READING:  THE PROPHETS by A. J. Heschel, pp. 393-632.

 

April 5:  Ancient Wisdom, Contemporary Echoes and Applications

READING:  THE HEBREW PROPHETS:  SELECTIONS ANNOTATED AND EXPLAINED by Rabbi Rami Shapiro (Woodstock, VT: Skylight Paths Publishing, 2004).

 

April 12:  Christian Perspectives on the Hebrew Prophets

READINGS:  THE PROPHETIC IMAGINATION, Second Edition, by Walter Brueggemann (Minneapolis:  Fortress Press, 2001), plus statements by Thomas Merton, Desmond Tutu, and others (on reserve)

 

April 19:  A Post-Holocaust Vision:  Can Dry Bones Live and Experience a Covenant of Peace?

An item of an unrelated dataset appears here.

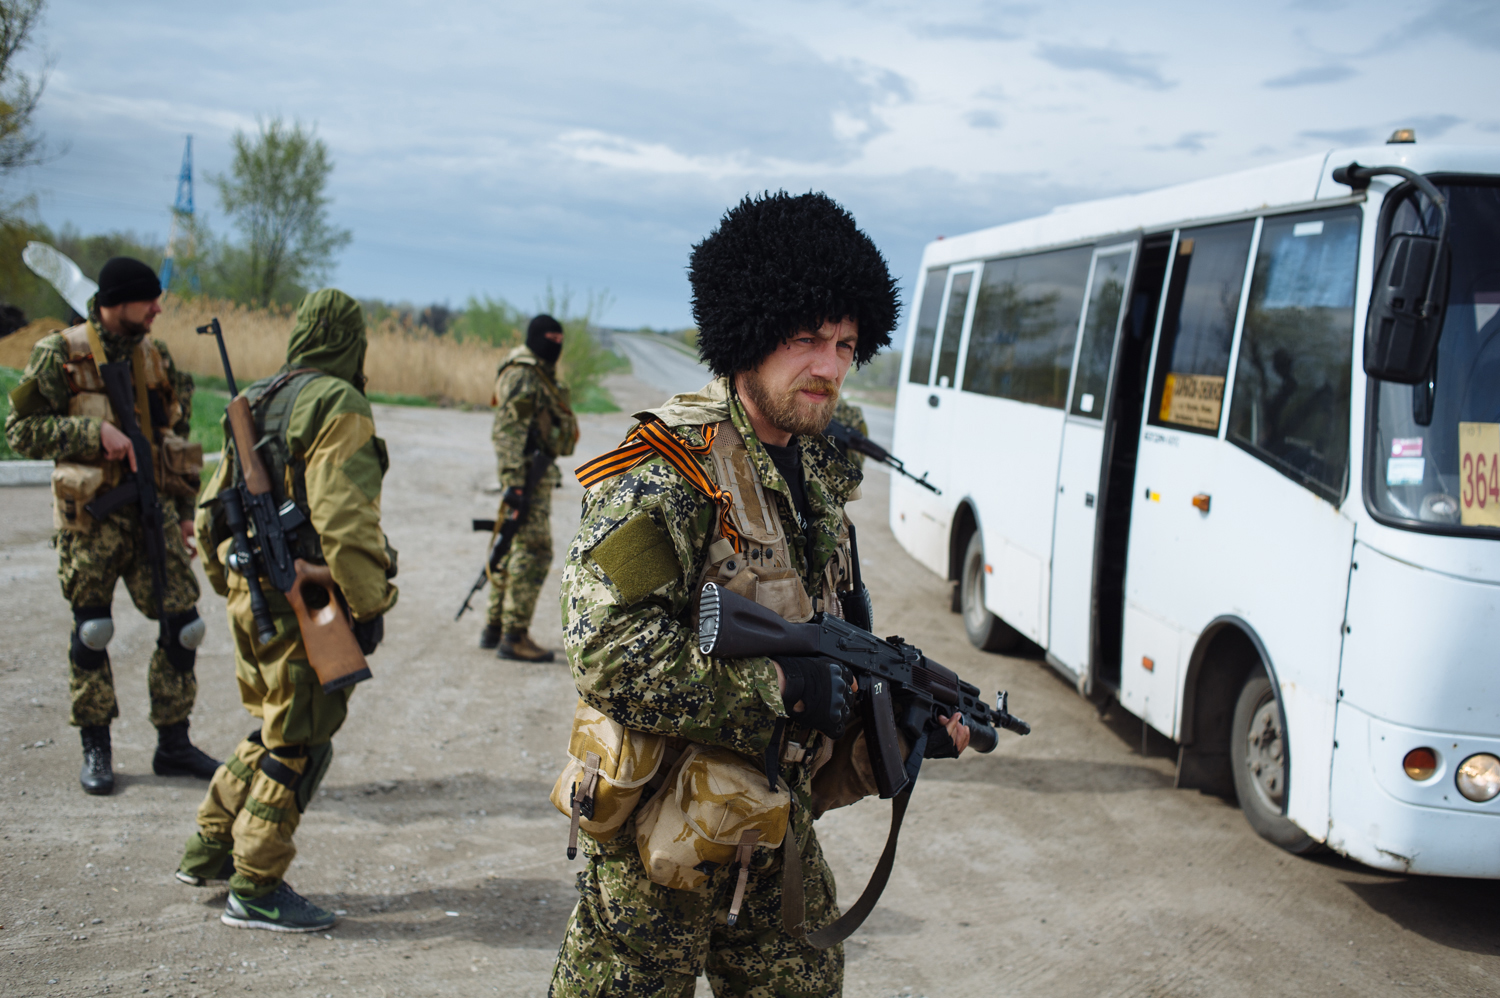 The Russian paramilitary group known as the Wolves' Hundred block the road near the checkpoint on the Kharkiv - Rostov-on-Don highway, April 20, near Slavyansk.

READINGS:  Ezekiel/Yehezkel ch. 37; “From Death to Life” by Andre LaCocque and “Sentinel of Imminence” by Paul Ricoeur, in THINKING BIBLICALLY:  EXEGETICAL AND HERMENEUTICAL STUDIES (Chicago:  University of Chicago Press, 1998), pp. 141-183 (on reserve)

 

April 26:  Muslim Perspectives on the Hebrew Prophets

READINGS:  Selections from PROPHETS IN THE QURAN:  AN INTRODUCTION TO THE QURAN AND MUSLIM EXEGESIS, selected and translated by Brannon M. Wheeler (London and New York:  Continuum, 2002) and from READINGS IN THE QUR’AN, selected and translated by Kenneth Cragg (London: Fount Paperpacks/HarperCollins Publishers, 1995) (on reserve)

 

May 3:  Contemporary Prophetic Voices

READINGS:  Selections from YOU ARE MY WITNESS: THE LIVING WORDS OF RABBI MARSHALL T. MEYER, edited by Jane Isay (New York: St. Martin’s Press, 2004); from TESTIMONY: THE WORD MADE FRESH by Daniel Berrigan (Maryknoll, NY:  Orbis Books, 2004); and from CREDO by William Sloane Coffin (Louisville: Westminster John Knox Press, 2004).